Over the past three years since I initiated the publication of crime statistics on a quarterly basis, I have consistently emphasised that care must be taken in interpreting the statistics, especially when considering short term fluctuations and extrapolating trends over short periods. Nevertheless, while there have been significant reductions in 2005 in the incidence of manslaughter (down 50%), aggravated sexual assault (down 43%), robbery of cash/goods in transit (down 27%), robbery from the person (down 23%) and theft from the person (down 18%), I am very disappointed with the overall increase and the increases in individual categories, and in particular with the increase of 10% in the fourth quarter of 2005.
It is important that the reasons for the increases are assessed and any additional necessary action taken and the Commissioner has undertaken to assess the causes of the rise in 2005 in burglaries which represents the highest volume crime."
Divisional Quarterly Statistics
There will be significant changes in the publication of the crime statistics in 2006 as the Minister has, in the Government's policing priorities for 2006, requested that the quarterly figures be made available on a divisional basis. This move will facilitate a more detailed understanding of the statistics and will be an important contribution to public debate and policy formulation on crime.
The Minister welcomed the significant decrease of 27% in the number of incidents of robbery of cash/goods in transit (down from 62 in 2004 to 45 in 2005) and noted that this trend improved in the fourth quarter with a decrease of 47%. He said "Operation Delivery, an initiative undertaken by the Garda Síochána to counteract the increase in cash in transit robberies which emerged in 2004, has contributed significantly to this welcome decrease. Furthermore, the new code of practice now being operated by the major institutions and companies involved in the cash in transit industry, which has raised the standards in operation and which I pushed for, has made a significant contribution to this decrease. These developments have been underpinned by the establishment of the Private Security Authority."

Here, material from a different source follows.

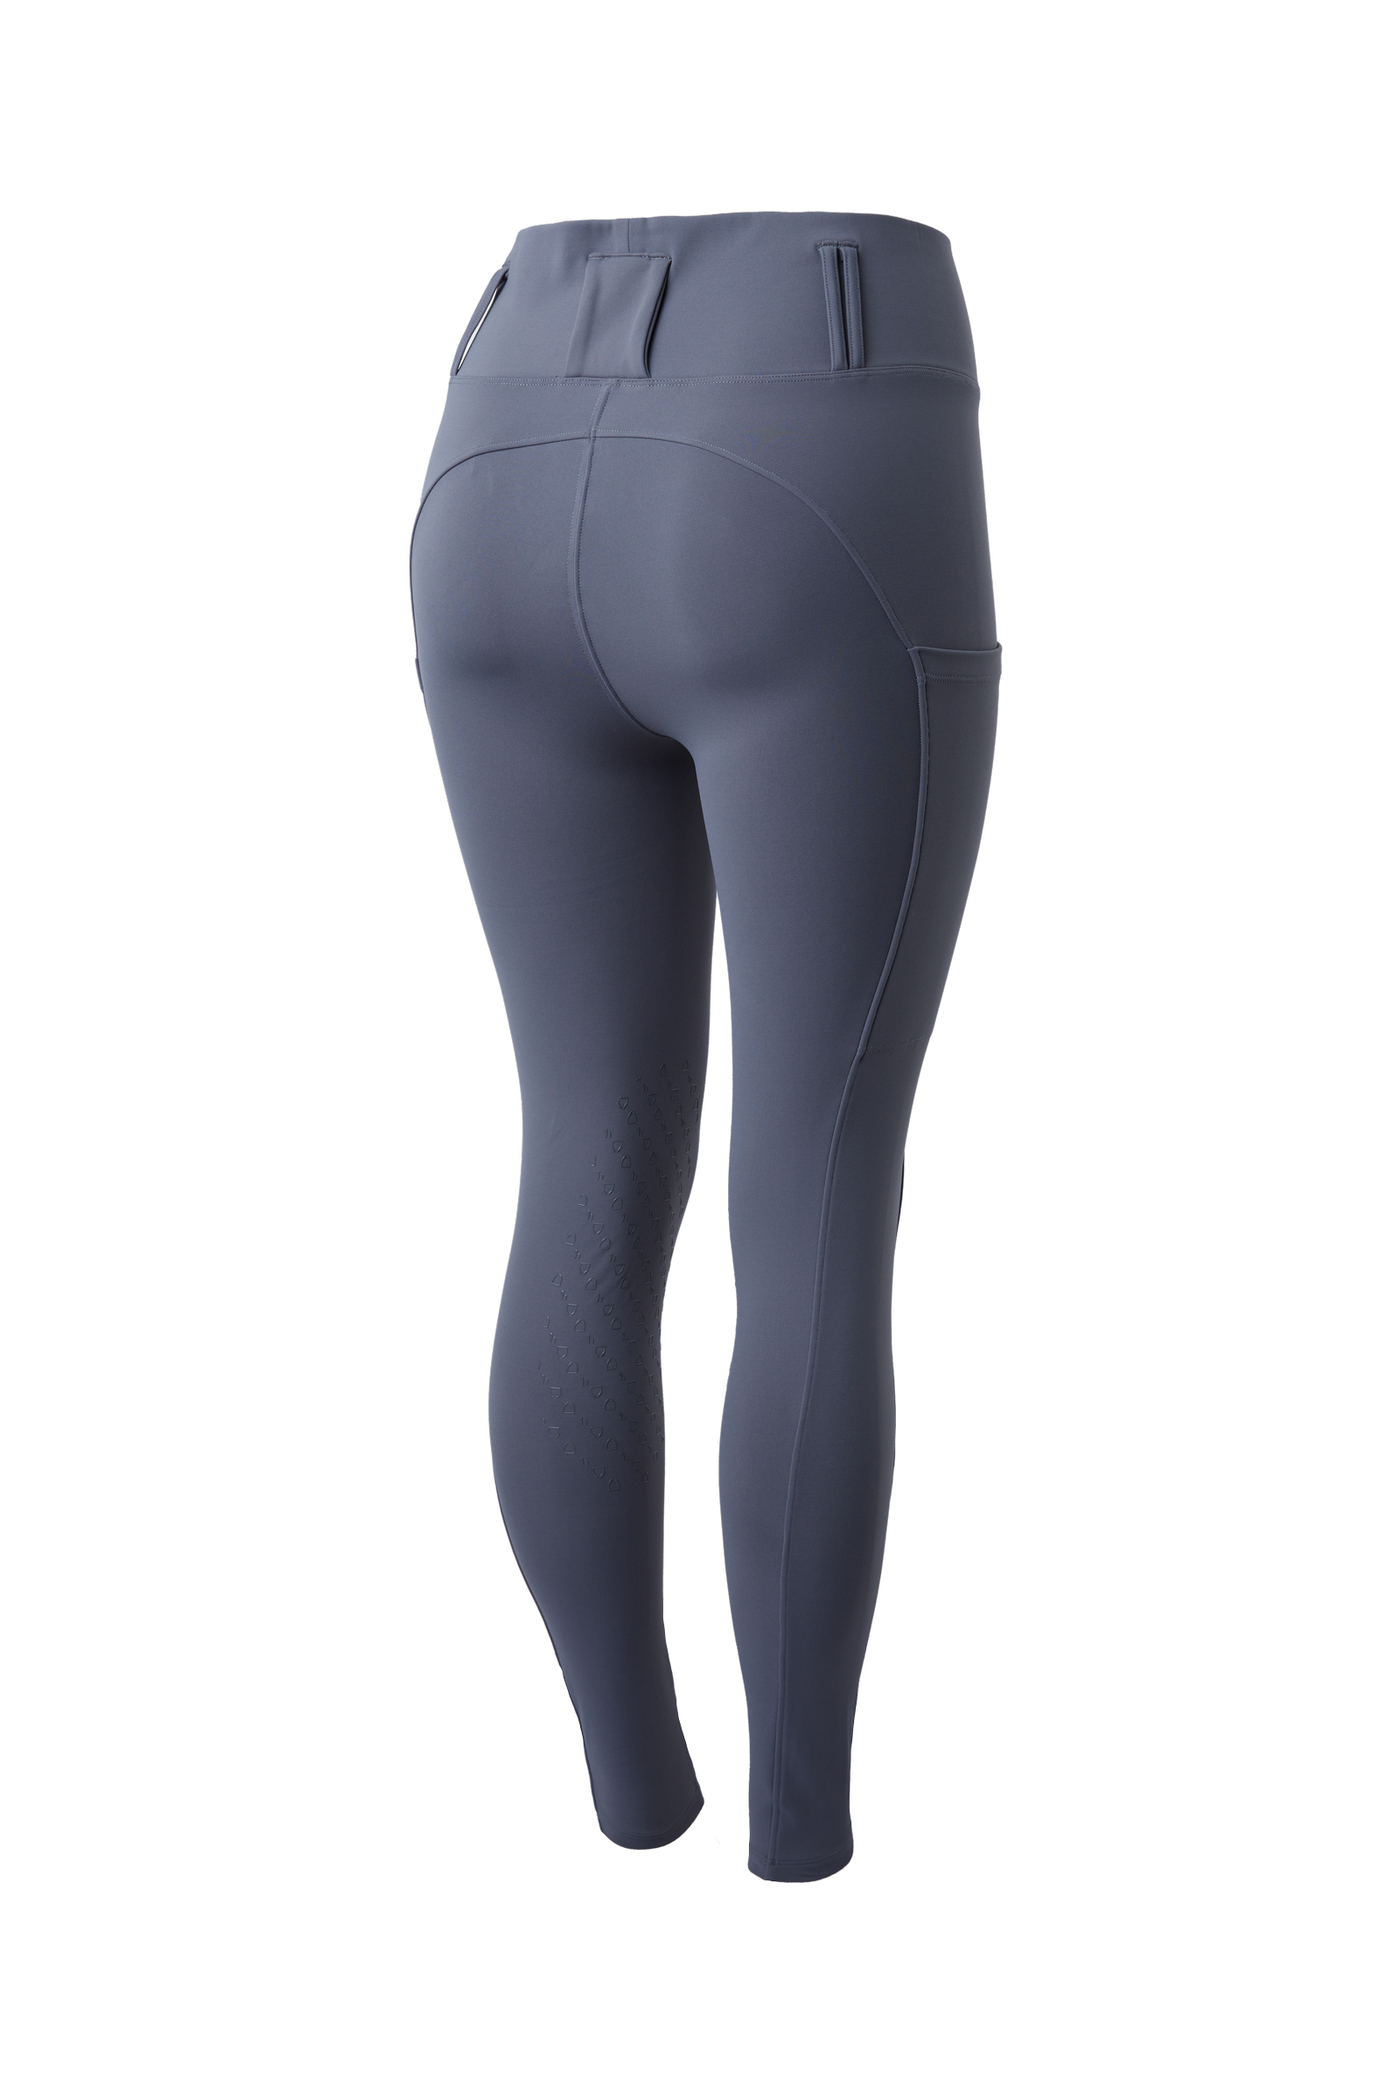 Horze Active Women's Knee Grip Winter Riding Tights with Phone Pocket

The Minister also welcomed the increase in the number of detections for possession of drugs for sale or supply (up 20%) and possession of firearms (up 16%), offences which come to notice as a result of police detection work. This trend continued in the fourth quarter and, in the case of possession of firearms, improved, with an increase of 24%.
Operation Anvil, which the Commissioner introduced last May and for which the Minister obtained additional resources also made a significant contribution to detections. The Minister said: "Operation Anvil will continue as long as it is deemed necessary in operational and policing terms. At my request and facilitated by the provision of additional funding, the Commissioner has extended Operation Anvil to Garda Divisions outside Dublin. Operation Anvil has contributed to encouraging outcomes, with a total number of arrests of 1,689 - which includes 581 arrests for burglary, 243 arrests for robbery offences, 16 arrests for murder and 277 arrests for serious assaults. Another key result in Operation Anvil is the large number of firearms - 293 to date."
Increase in Garda numbers and resources
2006 will see the strength of An Garda Siochana, including students, reach the level of 14,000 as indicated in the Programme for Government. The resources available to the Commissioner have also reached record levels. The Minister said "An Garda Síochána has this year the highest level of resources in its history - Euro 1.3 billion - an increase of Euro 146 million or 13% on 2005. The provision for Garda overtime in 2006 is Euro 83.5 million - an increase of Euro 23 million on the allocation for 2005. This increase will greatly assist the planned deployment of a visible policing service in a flexible, effective and targeted response to criminal activity and to crime prevention. The Euro 83.5 million in overtime will yield 2.725 million extra hours of policing by uniformed and by special units throughout the State."
The Minister noted that the level of headline crime in 2005 is 2% lower than that for 2003. "It should be borne in mind that any interpretation of the crime figures should factor in the increase in our population in the past 10 years. In 1995, with a population of almost 3.6 million people, there were 29 crimes per 1,000 of the population. In 2005, with a population of over 4.1 million, there was the equivalent of 24.6 crimes per 1,000 of the population."
The Minister welcomed the continuing early availability of the statistics and drew attention to the fact that the figures are provisional and thus subject to change. They are currently the subject of an ongoing validation process which has not yet been finalised. Once this process is completed, the Garda Commissioner's Annual Report for 2005 will be published.
26 January 2006.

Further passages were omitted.